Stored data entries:
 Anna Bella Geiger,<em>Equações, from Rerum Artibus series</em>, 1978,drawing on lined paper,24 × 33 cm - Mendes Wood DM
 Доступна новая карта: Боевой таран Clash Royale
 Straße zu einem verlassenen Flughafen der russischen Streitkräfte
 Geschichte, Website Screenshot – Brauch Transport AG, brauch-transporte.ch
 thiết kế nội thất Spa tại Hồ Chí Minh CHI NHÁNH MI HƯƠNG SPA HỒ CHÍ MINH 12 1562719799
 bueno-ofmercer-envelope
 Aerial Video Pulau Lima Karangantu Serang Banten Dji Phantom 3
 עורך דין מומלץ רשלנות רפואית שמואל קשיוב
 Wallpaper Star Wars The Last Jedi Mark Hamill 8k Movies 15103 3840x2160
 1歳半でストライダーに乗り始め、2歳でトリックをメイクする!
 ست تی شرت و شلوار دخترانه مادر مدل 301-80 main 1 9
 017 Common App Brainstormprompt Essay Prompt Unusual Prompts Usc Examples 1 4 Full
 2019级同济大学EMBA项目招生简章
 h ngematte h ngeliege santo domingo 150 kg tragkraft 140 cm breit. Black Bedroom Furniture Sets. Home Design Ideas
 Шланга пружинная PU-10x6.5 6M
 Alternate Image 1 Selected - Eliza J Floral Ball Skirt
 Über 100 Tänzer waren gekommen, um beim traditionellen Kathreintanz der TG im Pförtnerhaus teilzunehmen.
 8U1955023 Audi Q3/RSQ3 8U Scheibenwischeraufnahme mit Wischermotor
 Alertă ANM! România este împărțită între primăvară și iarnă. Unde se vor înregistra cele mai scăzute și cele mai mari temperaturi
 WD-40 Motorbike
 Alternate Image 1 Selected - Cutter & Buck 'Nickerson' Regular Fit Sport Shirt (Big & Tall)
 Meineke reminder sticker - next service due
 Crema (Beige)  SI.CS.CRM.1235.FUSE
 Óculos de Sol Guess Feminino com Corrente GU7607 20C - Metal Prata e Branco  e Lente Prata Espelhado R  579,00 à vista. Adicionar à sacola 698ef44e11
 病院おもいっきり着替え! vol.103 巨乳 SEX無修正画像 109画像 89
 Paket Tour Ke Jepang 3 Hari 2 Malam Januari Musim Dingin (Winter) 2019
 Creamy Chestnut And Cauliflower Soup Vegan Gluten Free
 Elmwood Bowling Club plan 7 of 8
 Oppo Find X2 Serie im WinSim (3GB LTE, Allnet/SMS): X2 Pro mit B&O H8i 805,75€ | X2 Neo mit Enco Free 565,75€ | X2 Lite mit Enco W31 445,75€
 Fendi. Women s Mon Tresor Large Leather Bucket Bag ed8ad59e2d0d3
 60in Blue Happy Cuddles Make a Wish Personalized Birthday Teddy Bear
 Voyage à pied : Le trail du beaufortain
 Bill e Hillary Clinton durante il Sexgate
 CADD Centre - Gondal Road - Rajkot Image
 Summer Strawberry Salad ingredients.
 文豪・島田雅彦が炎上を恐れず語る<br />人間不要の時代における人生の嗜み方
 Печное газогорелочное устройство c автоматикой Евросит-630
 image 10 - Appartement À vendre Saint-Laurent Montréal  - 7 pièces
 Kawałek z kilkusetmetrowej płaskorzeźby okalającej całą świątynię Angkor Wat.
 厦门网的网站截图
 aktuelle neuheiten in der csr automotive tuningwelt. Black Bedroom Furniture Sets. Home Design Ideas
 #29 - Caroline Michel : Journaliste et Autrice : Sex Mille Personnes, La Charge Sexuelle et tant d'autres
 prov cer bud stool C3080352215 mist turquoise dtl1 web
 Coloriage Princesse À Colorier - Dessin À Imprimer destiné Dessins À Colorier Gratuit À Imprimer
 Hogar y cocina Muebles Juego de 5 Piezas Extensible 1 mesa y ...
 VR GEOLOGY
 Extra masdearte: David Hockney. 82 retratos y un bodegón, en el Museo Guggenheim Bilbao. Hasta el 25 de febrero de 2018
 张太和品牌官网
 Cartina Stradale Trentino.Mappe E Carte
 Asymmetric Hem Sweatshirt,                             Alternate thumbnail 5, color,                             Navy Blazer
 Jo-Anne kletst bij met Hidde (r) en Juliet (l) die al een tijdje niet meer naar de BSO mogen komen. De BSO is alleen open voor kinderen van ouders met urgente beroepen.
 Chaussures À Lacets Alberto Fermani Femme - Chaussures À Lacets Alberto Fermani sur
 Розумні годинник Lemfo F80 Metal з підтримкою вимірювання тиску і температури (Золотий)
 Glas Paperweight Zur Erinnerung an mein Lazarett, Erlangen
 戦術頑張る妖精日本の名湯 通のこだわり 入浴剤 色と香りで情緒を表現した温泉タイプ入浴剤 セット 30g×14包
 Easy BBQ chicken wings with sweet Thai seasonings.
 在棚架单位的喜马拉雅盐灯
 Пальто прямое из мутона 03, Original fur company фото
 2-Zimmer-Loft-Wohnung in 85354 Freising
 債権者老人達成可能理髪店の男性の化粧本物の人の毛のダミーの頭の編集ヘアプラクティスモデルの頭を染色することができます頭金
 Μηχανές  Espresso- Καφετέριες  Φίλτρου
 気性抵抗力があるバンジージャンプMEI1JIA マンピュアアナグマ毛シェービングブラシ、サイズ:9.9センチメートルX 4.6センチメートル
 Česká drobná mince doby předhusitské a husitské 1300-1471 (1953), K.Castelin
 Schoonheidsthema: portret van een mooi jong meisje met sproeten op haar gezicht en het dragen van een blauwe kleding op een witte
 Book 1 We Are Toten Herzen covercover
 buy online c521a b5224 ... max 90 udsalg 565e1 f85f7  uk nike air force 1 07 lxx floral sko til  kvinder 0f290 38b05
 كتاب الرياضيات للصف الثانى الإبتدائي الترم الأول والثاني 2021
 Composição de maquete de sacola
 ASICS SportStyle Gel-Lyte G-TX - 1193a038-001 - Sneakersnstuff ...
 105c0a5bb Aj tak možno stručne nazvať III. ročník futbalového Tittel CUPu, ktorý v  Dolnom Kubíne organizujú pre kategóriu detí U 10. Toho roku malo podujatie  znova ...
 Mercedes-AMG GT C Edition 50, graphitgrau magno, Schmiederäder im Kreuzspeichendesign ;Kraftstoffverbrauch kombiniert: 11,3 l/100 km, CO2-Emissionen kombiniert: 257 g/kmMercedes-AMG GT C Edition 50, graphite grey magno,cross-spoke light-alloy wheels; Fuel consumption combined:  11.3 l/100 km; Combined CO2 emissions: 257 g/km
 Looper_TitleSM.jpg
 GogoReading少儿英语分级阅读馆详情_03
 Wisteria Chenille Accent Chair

→ **Exercise goal**
Print the records above again, every one, exactly as written.

→ **Reply to the exercise**
 Anna Bella Geiger,<em>Equações, from Rerum Artibus series</em>, 1978,drawing on lined paper,24 × 33 cm - Mendes Wood DM
 Доступна новая карта: Боевой таран Clash Royale
 Straße zu einem verlassenen Flughafen der russischen Streitkräfte
 Geschichte, Website Screenshot – Brauch Transport AG, brauch-transporte.ch
 thiết kế nội thất Spa tại Hồ Chí Minh CHI NHÁNH MI HƯƠNG SPA HỒ CHÍ MINH 12 1562719799
 bueno-ofmercer-envelope
 Aerial Video Pulau Lima Karangantu Serang Banten Dji Phantom 3
 עורך דין מומלץ רשלנות רפואית שמואל קשיוב
 Wallpaper Star Wars The Last Jedi Mark Hamill 8k Movies 15103 3840x2160
 1歳半でストライダーに乗り始め、2歳でトリックをメイクする!
 ست تی شرت و شلوار دخترانه مادر مدل 301-80 main 1 9
 017 Common App Brainstormprompt Essay Prompt Unusual Prompts Usc Examples 1 4 Full
 2019级同济大学EMBA项目招生简章
 h ngematte h ngeliege santo domingo 150 kg tragkraft 140 cm breit. Black Bedroom Furniture Sets. Home Design Ideas
 Шланга пружинная PU-10x6.5 6M
 Alternate Image 1 Selected - Eliza J Floral Ball Skirt
 Über 100 Tänzer waren gekommen, um beim traditionellen Kathreintanz der TG im Pförtnerhaus teilzunehmen.
 8U1955023 Audi Q3/RSQ3 8U Scheibenwischeraufnahme mit Wischermotor
 Alertă ANM! România este împărțită între primăvară și iarnă. Unde se vor înregistra cele mai scăzute și cele mai mari temperaturi
 WD-40 Motorbike
 Alternate Image 1 Selected - Cutter & Buck 'Nickerson' Regular Fit Sport Shirt (Big & Tall)
 Meineke reminder sticker - next service due
 Crema (Beige)  SI.CS.CRM.1235.FUSE
 Óculos de Sol Guess Feminino com Corrente GU7607 20C - Metal Prata e Branco  e Lente Prata Espelhado R  579,00 à vista. Adicionar à sacola 698ef44e11
 病院おもいっきり着替え! vol.103 巨乳 SEX無修正画像 109画像 89
 Paket Tour Ke Jepang 3 Hari 2 Malam Januari Musim Dingin (Winter) 2019
 Creamy Chestnut And Cauliflower Soup Vegan Gluten Free
 Elmwood Bowling Club plan 7 of 8
 Oppo Find X2 Serie im WinSim (3GB LTE, Allnet/SMS): X2 Pro mit B&O H8i 805,75€ | X2 Neo mit Enco Free 565,75€ | X2 Lite mit Enco W31 445,75€
 Fendi. Women s Mon Tresor Large Leather Bucket Bag ed8ad59e2d0d3
 60in Blue Happy Cuddles Make a Wish Personalized Birthday Teddy Bear
 Voyage à pied : Le trail du beaufortain
 Bill e Hillary Clinton durante il Sexgate
 CADD Centre - Gondal Road - Rajkot Image
 Summer Strawberry Salad ingredients.
 文豪・島田雅彦が炎上を恐れず語る<br />人間不要の時代における人生の嗜み方
 Печное газогорелочное устройство c автоматикой Евросит-630
 image 10 - Appartement À vendre Saint-Laurent Montréal  - 7 pièces
 Kawałek z kilkusetmetrowej płaskorzeźby okalającej całą świątynię Angkor Wat.
 厦门网的网站截图
 aktuelle neuheiten in der csr automotive tuningwelt. Black Bedroom Furniture Sets. Home Design Ideas
 #29 - Caroline Michel : Journaliste et Autrice : Sex Mille Personnes, La Charge Sexuelle et tant d'autres
 prov cer bud stool C3080352215 mist turquoise dtl1 web
 Coloriage Princesse À Colorier - Dessin À Imprimer destiné Dessins À Colorier Gratuit À Imprimer
 Hogar y cocina Muebles Juego de 5 Piezas Extensible 1 mesa y ...
 VR GEOLOGY
 Extra masdearte: David Hockney. 82 retratos y un bodegón, en el Museo Guggenheim Bilbao. Hasta el 25 de febrero de 2018
 张太和品牌官网
 Cartina Stradale Trentino.Mappe E Carte
 Asymmetric Hem Sweatshirt,                             Alternate thumbnail 5, color,                             Navy Blazer
 Jo-Anne kletst bij met Hidde (r) en Juliet (l) die al een tijdje niet meer naar de BSO mogen komen. De BSO is alleen open voor kinderen van ouders met urgente beroepen.
 Chaussures À Lacets Alberto Fermani Femme - Chaussures À Lacets Alberto Fermani sur
 Розумні годинник Lemfo F80 Metal з підтримкою вимірювання тиску і температури (Золотий)
 Glas Paperweight Zur Erinnerung an mein Lazarett, Erlangen
 戦術頑張る妖精日本の名湯 通のこだわり 入浴剤 色と香りで情緒を表現した温泉タイプ入浴剤 セット 30g×14包
 Easy BBQ chicken wings with sweet Thai seasonings.
 在棚架单位的喜马拉雅盐灯
 Пальто прямое из мутона 03, Original fur company фото
 2-Zimmer-Loft-Wohnung in 85354 Freising
 債権者老人達成可能理髪店の男性の化粧本物の人の毛のダミーの頭の編集ヘアプラクティスモデルの頭を染色することができます頭金
 Μηχανές  Espresso- Καφετέριες  Φίλτρου
 気性抵抗力があるバンジージャンプMEI1JIA マンピュアアナグマ毛シェービングブラシ、サイズ:9.9センチメートルX 4.6センチメートル
 Česká drobná mince doby předhusitské a husitské 1300-1471 (1953), K.Castelin
 Schoonheidsthema: portret van een mooi jong meisje met sproeten op haar gezicht en het dragen van een blauwe kleding op een witte
 Book 1 We Are Toten Herzen covercover
 buy online c521a b5224 ... max 90 udsalg 565e1 f85f7  uk nike air force 1 07 lxx floral sko til  kvinder 0f290 38b05
 كتاب الرياضيات للصف الثانى الإبتدائي الترم الأول والثاني 2021
 Composição de maquete de sacola
 ASICS SportStyle Gel-Lyte G-TX - 1193a038-001 - Sneakersnstuff ...
 105c0a5bb Aj tak možno stručne nazvať III. ročník futbalového Tittel CUPu, ktorý v  Dolnom Kubíne organizujú pre kategóriu detí U 10. Toho roku malo podujatie  znova ...
 Mercedes-AMG GT C Edition 50, graphitgrau magno, Schmiederäder im Kreuzspeichendesign ;Kraftstoffverbrauch kombiniert: 11,3 l/100 km, CO2-Emissionen kombiniert: 257 g/kmMercedes-AMG GT C Edition 50, graphite grey magno,cross-spoke light-alloy wheels; Fuel consumption combined:  11.3 l/100 km; Combined CO2 emissions: 257 g/km
 Looper_TitleSM.jpg
 GogoReading少儿英语分级阅读馆详情_03
 Wisteria Chenille Accent Chair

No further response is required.